17:06 ^🔗	dd0a13f37	Their videos
17:06 ^🔗	Ceryn	Oh. Okay.
17:06 ^🔗	JAA	Fine to possess in many jurisdictions, as far as I know.
17:07 ^🔗	JAA	Distributing is a different thing, obviously.
17:07 ^🔗	dd0a13f37	And since they're too incompetent to use P2P, that won't save it either.
17:08 ^🔗	Ceryn	dd0a13f37: For me, in 30 years or whatever, I want to be able to peruse all the things I found interesting or nostalgic or worth saving at any point.
17:08 ^🔗	Ceryn	dd0a13f37: So, for me, even data I cannot share is worth storing. Assuming I want it.
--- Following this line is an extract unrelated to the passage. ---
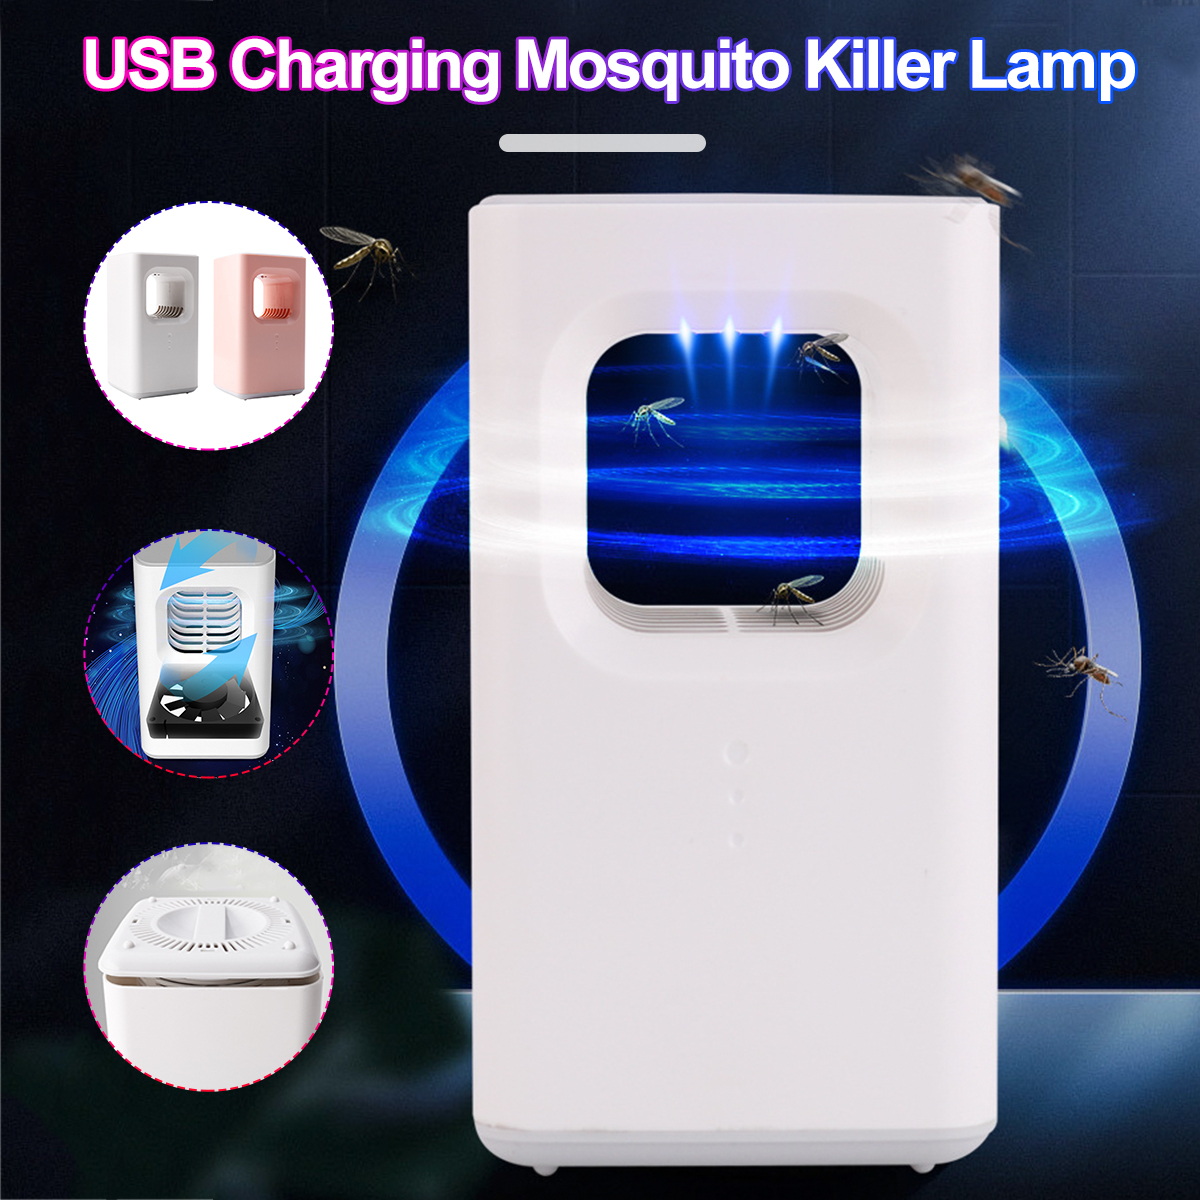 Mosquito-Killer-Lamp-USB-Low-Noise-Insect-Repellent-Mosquito-Dispeller-For-Home-Hotel-Office-1650186-2

17:08 ^🔗	dd0a13f37	But for the 30 years leading up to that, it basically doesn't exist.
17:09 ^🔗	Ceryn	Well, whenever I want to see it I can. At any point.
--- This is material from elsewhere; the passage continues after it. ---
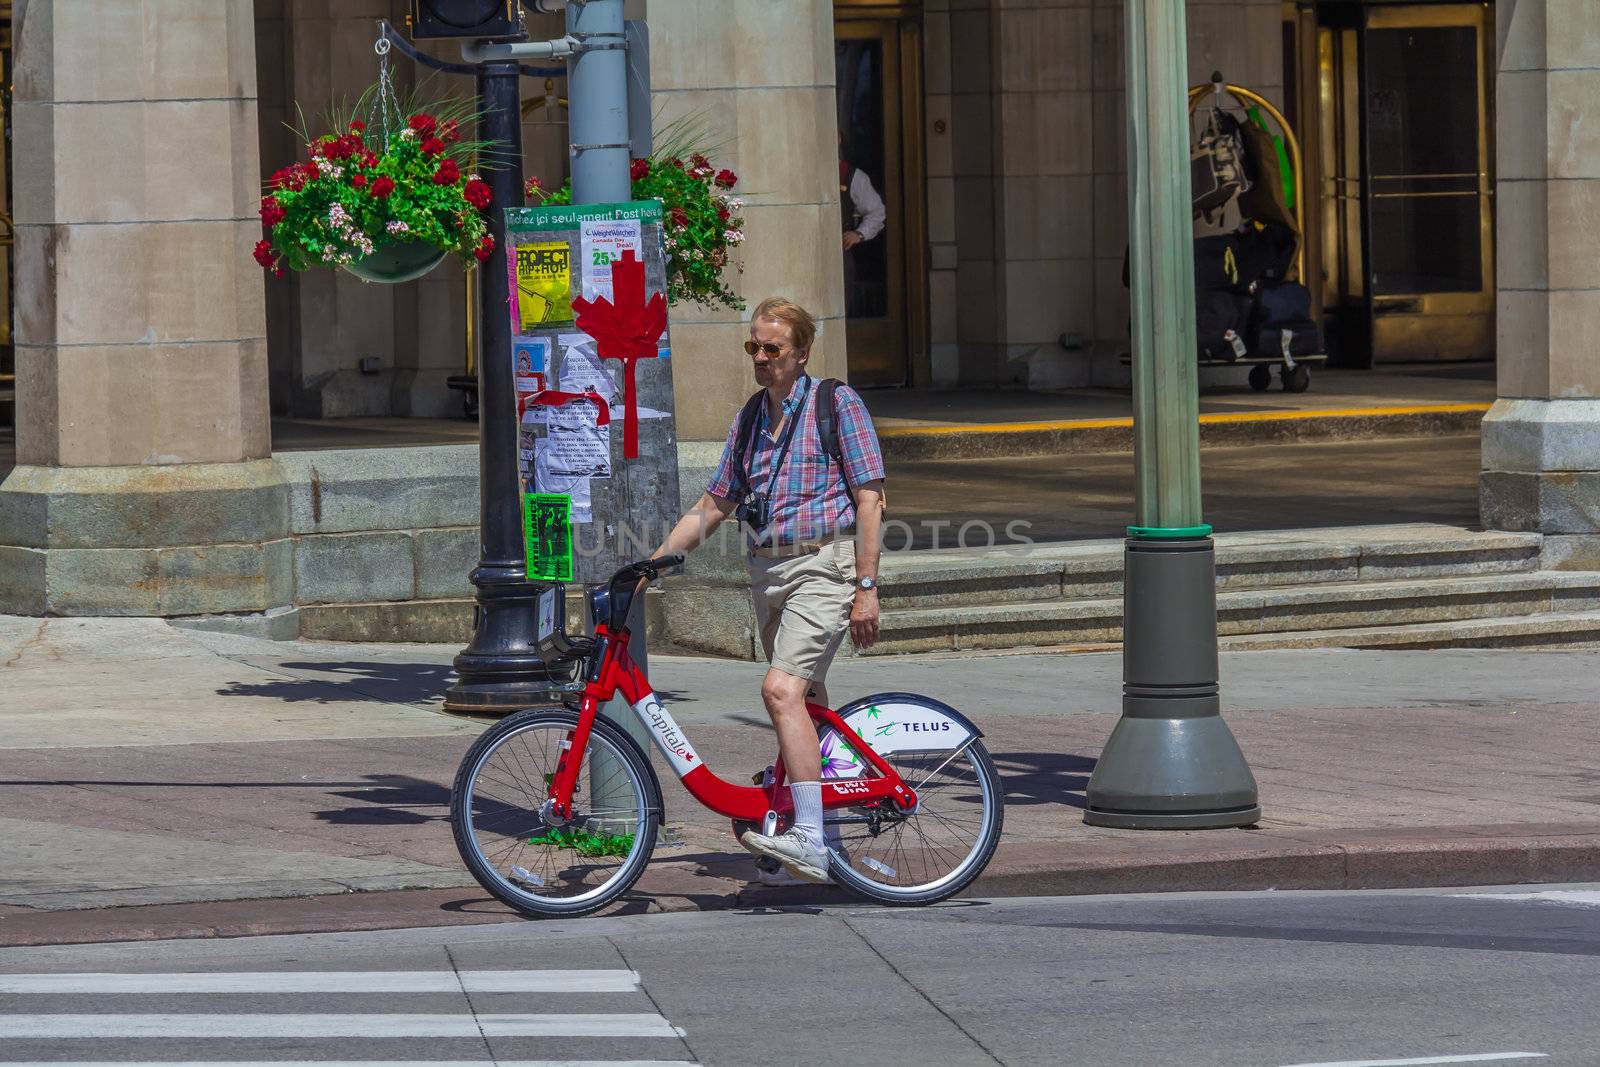 A bicyclist in Ottawa standing, waiting for someting, Ontario, Canada

17:09 ^🔗	JAA	You two are talking about different things. Ceryn means that he can keep his own copy. dd0a13f37 is talking about IA having and distributing it.
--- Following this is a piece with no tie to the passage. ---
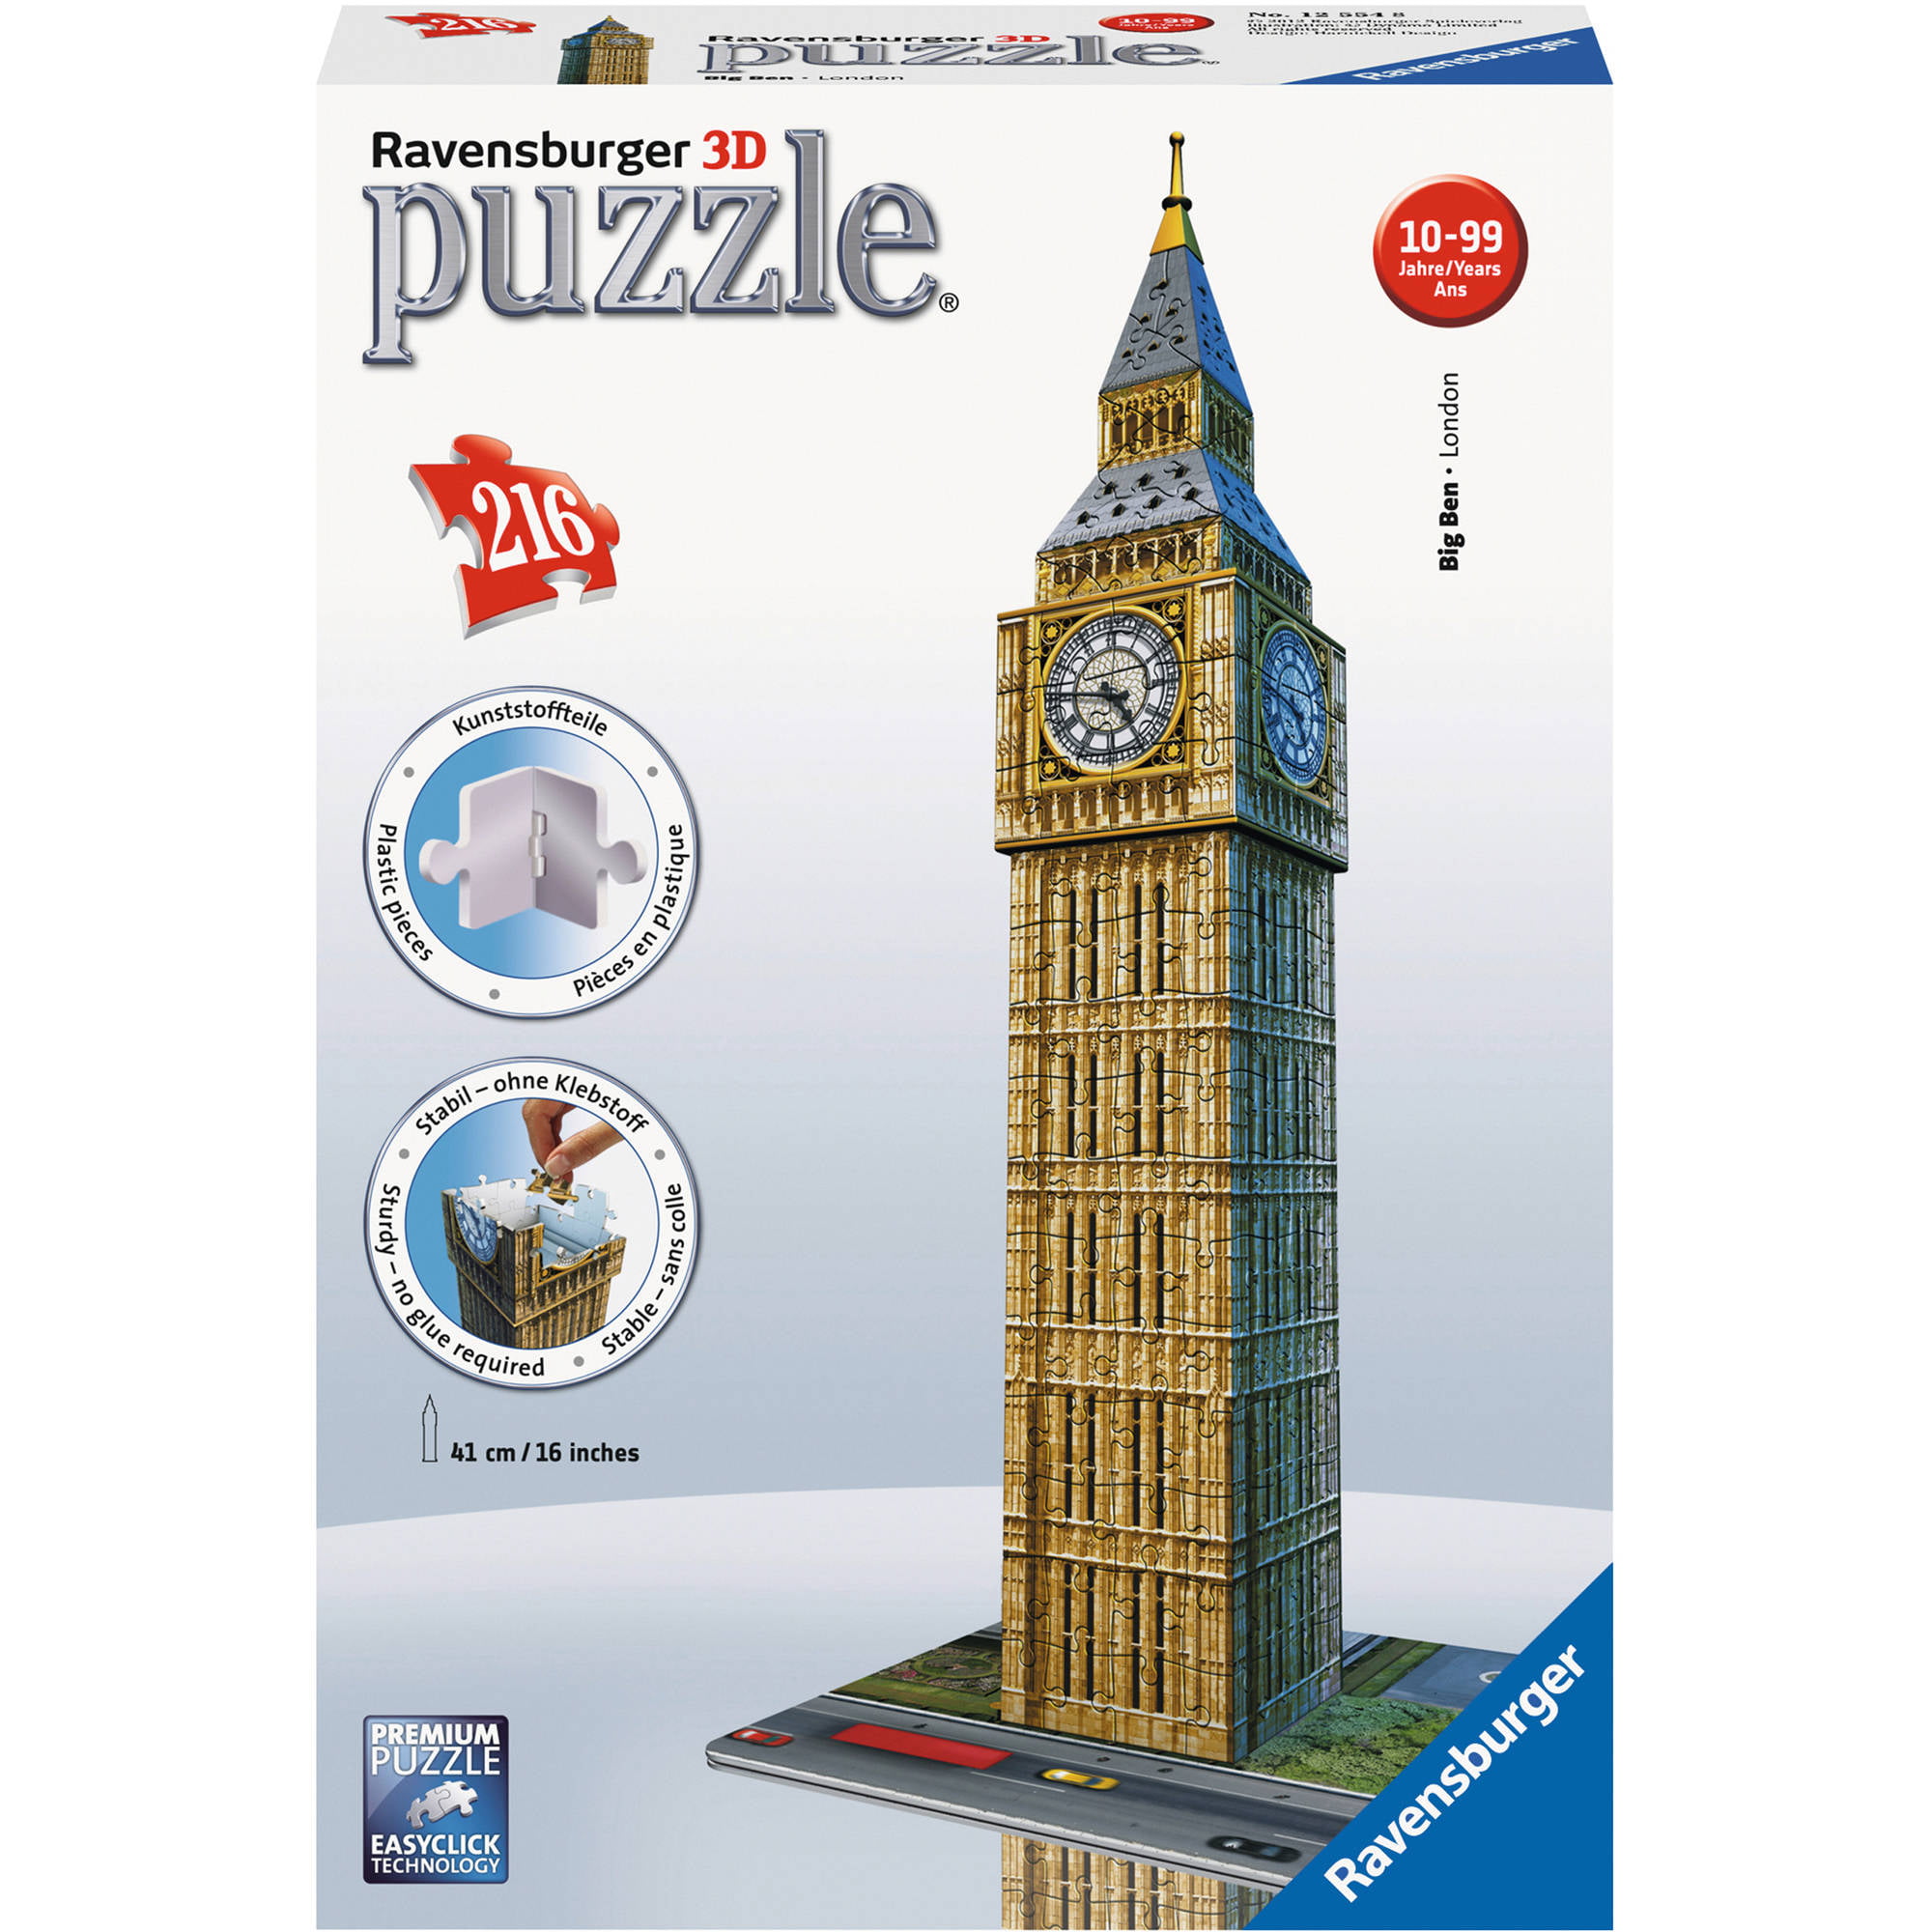 3D JIGSAW 12588 Ravensburger Big Ben with light 3D Puzzle 216pc New in Box!

17:09 ^🔗	dd0a13f37	Sure, if you store it, that is. But archiving something at IA only for it to sit in a data center for 70 years is utterly pointless
17:09 ^🔗	Ceryn	If I am aware that others want it, I can share it most of the time. Sometimes laws don't agree with sharing it. But usually it's doable anyway.
17:09 ^🔗	Ceryn	JAA's right.
17:10 ^🔗	omglolbah	Have to admit, I was somewhat concerned having my pipeline scrape the far-right stuff.... assume I'm in a registry now :p
17:10 ^🔗	Ceryn	dd0a13f37: I think it loses much of its value if it's inaccessible to all but IA for 70 years.
17:10 ^🔗	dd0a13f37	Sure, doable, but if IA is the only place that has it, it can get traced back to them if it "leaks"
17:10 ^🔗	Ceryn	dd0a13f37: BUT. I think it's very valuable to have it after 70 years and to the end of time.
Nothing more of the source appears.